# Task requirements
Write the records out again, exactly.

(Recorded data begins)

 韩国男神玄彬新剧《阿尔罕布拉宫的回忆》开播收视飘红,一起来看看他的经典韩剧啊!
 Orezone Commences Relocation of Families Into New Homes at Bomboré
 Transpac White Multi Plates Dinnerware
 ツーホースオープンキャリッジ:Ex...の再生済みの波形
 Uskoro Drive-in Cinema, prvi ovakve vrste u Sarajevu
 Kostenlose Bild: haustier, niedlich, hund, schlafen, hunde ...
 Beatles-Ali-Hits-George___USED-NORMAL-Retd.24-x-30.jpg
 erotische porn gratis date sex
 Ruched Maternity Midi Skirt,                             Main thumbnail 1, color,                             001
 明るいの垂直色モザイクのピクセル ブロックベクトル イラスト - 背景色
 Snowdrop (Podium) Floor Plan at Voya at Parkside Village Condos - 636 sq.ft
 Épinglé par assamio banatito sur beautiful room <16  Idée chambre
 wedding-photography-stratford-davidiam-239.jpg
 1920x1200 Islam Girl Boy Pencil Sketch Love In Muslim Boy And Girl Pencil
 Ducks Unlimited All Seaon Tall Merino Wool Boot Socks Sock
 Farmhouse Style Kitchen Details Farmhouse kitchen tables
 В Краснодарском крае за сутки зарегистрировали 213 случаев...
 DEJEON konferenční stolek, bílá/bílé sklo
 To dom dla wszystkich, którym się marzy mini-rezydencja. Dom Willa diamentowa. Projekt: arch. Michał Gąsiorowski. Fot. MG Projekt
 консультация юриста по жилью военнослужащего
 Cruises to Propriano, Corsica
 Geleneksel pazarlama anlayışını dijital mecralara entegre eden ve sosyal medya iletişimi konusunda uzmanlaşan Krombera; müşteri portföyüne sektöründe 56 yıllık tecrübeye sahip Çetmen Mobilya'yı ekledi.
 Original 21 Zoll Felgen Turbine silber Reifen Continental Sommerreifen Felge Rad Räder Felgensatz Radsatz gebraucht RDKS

(Recorded data ends)

# Response for this exercise
 韩国男神玄彬新剧《阿尔罕布拉宫的回忆》开播收视飘红,一起来看看他的经典韩剧啊!
 Orezone Commences Relocation of Families Into New Homes at Bomboré
 Transpac White Multi Plates Dinnerware
 ツーホースオープンキャリッジ:Ex...の再生済みの波形
 Uskoro Drive-in Cinema, prvi ovakve vrste u Sarajevu
 Kostenlose Bild: haustier, niedlich, hund, schlafen, hunde ...
 Beatles-Ali-Hits-George___USED-NORMAL-Retd.24-x-30.jpg
 erotische porn gratis date sex
 Ruched Maternity Midi Skirt,                             Main thumbnail 1, color,                             001
 明るいの垂直色モザイクのピクセル ブロックベクトル イラスト - 背景色
 Snowdrop (Podium) Floor Plan at Voya at Parkside Village Condos - 636 sq.ft
 Épinglé par assamio banatito sur beautiful room <16  Idée chambre
 wedding-photography-stratford-davidiam-239.jpg
 1920x1200 Islam Girl Boy Pencil Sketch Love In Muslim Boy And Girl Pencil
 Ducks Unlimited All Seaon Tall Merino Wool Boot Socks Sock
 Farmhouse Style Kitchen Details Farmhouse kitchen tables
 В Краснодарском крае за сутки зарегистрировали 213 случаев...
 DEJEON konferenční stolek, bílá/bílé sklo
 To dom dla wszystkich, którym się marzy mini-rezydencja. Dom Willa diamentowa. Projekt: arch. Michał Gąsiorowski. Fot. MG Projekt
 консультация юриста по жилью военнослужащего
 Cruises to Propriano, Corsica
 Geleneksel pazarlama anlayışını dijital mecralara entegre eden ve sosyal medya iletişimi konusunda uzmanlaşan Krombera; müşteri portföyüne sektöründe 56 yıllık tecrübeye sahip Çetmen Mobilya'yı ekledi.
 Original 21 Zoll Felgen Turbine silber Reifen Continental Sommerreifen Felge Rad Räder Felgensatz Radsatz gebraucht RDKS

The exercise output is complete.